Your copy of the data below must be exact and must leave out all pictures.
--- DATA RECORDS ---
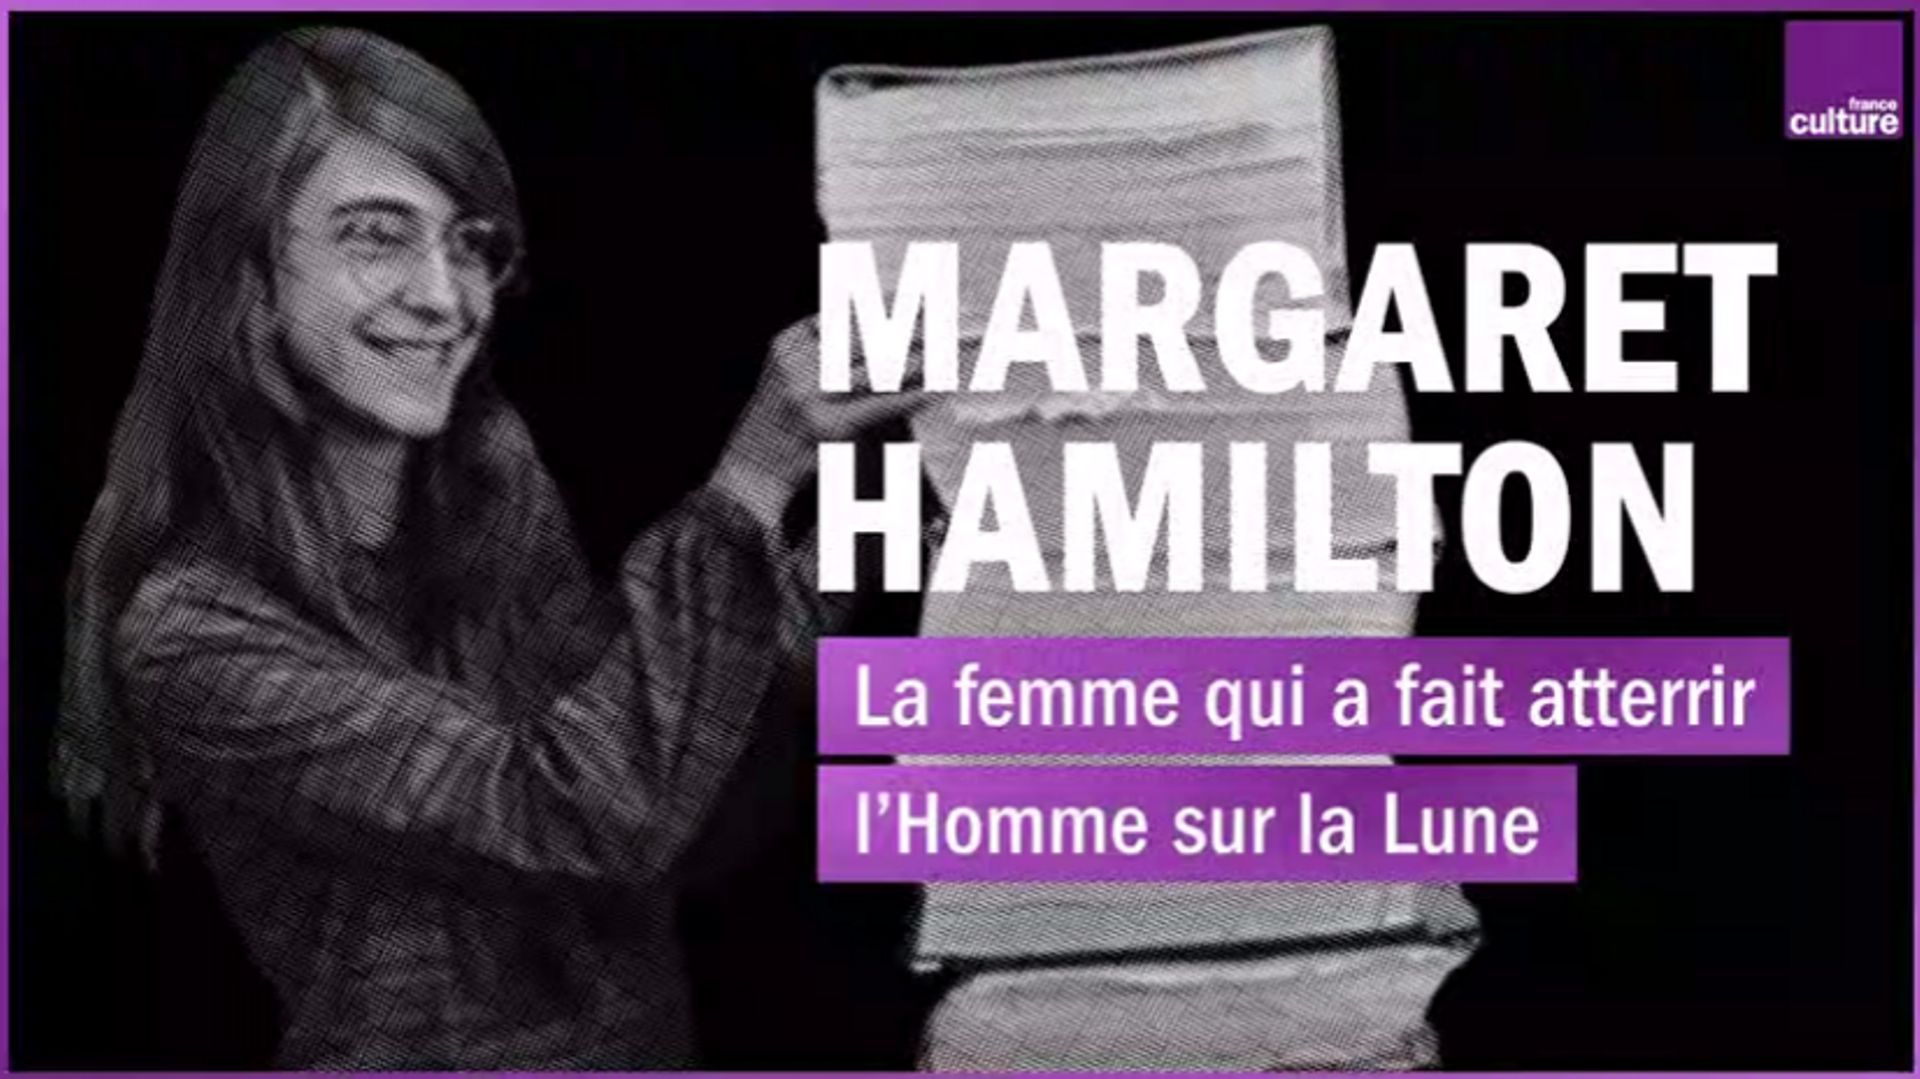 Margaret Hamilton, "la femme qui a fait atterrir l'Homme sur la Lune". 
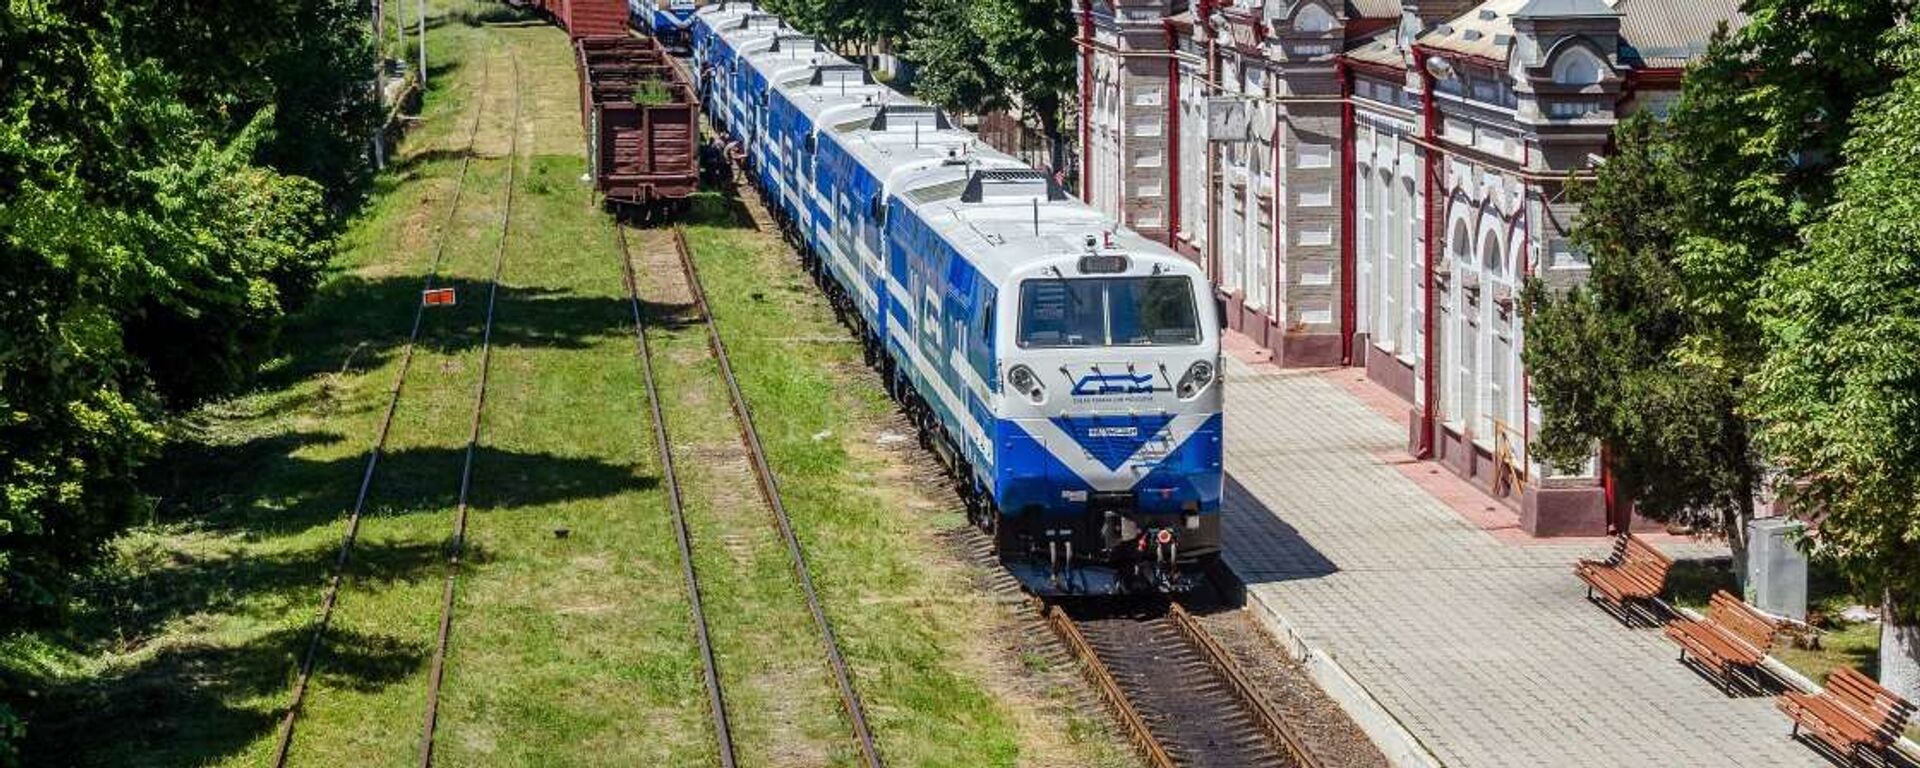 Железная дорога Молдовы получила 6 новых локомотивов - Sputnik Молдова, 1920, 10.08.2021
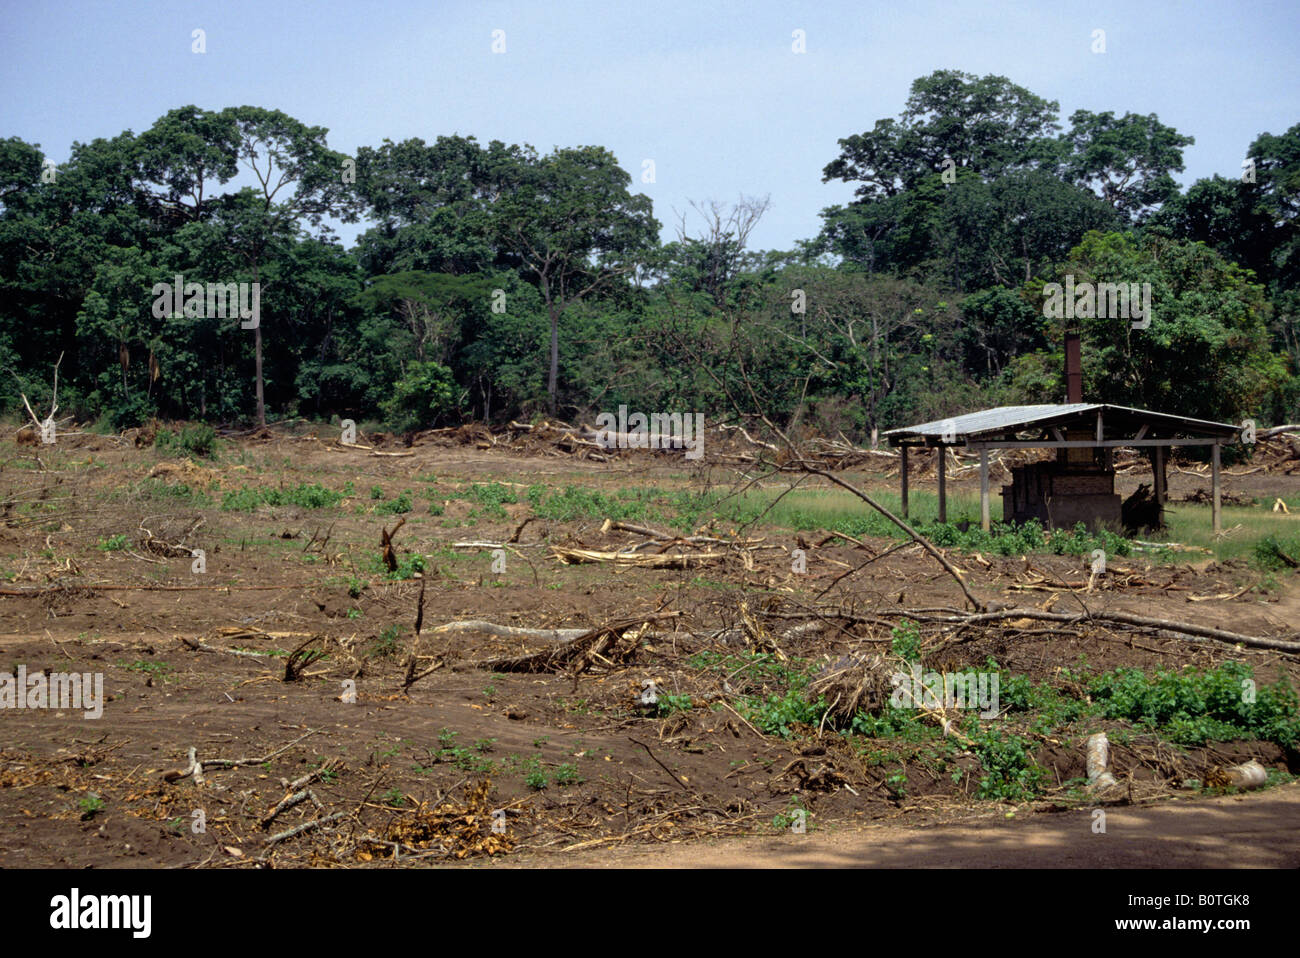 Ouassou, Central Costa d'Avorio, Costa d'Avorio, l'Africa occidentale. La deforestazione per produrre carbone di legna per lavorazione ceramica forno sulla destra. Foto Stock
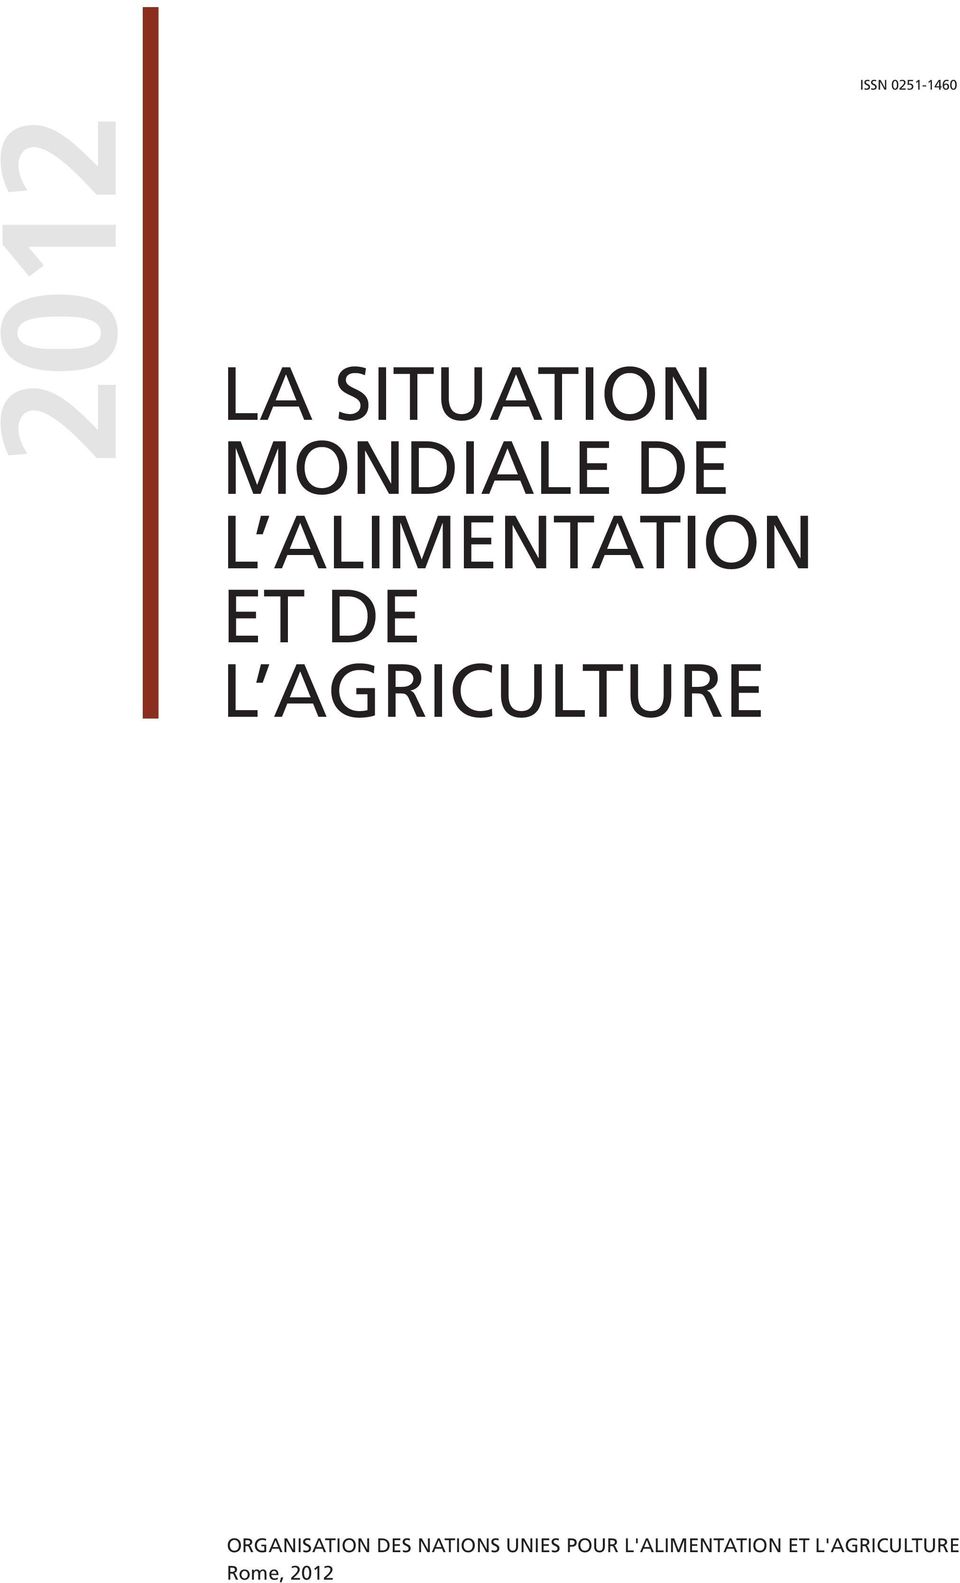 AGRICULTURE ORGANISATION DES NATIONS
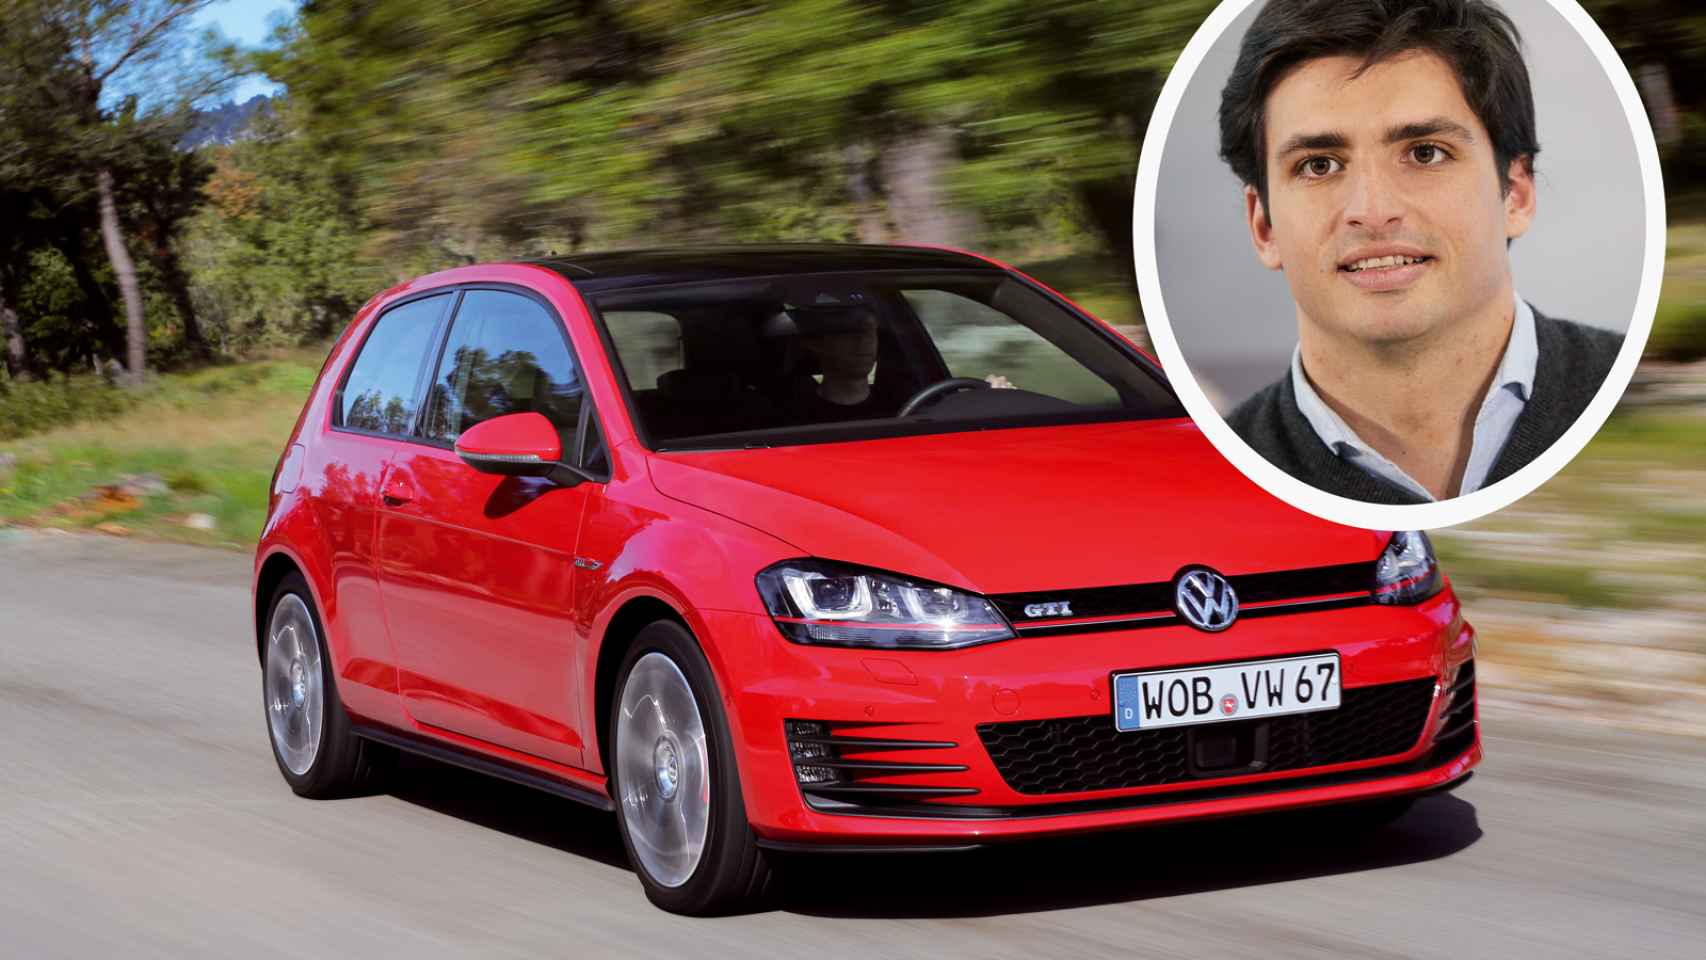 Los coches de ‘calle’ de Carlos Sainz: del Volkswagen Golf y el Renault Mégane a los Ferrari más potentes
---
== SOLUTION TO THE EXERCISE ==
 Margaret Hamilton, "la femme qui a fait atterrir l'Homme sur la Lune". 
 Железная дорога Молдовы получила 6 новых локомотивов - Sputnik Молдова, 1920, 10.08.2021
 Ouassou, Central Costa d'Avorio, Costa d'Avorio, l'Africa occidentale. La deforestazione per produrre carbone di legna per lavorazione ceramica forno sulla destra. Foto Stock
 AGRICULTURE ORGANISATION DES NATIONS
 Los coches de ‘calle’ de Carlos Sainz: del Volkswagen Golf y el Renault Mégane a los Ferrari más potentes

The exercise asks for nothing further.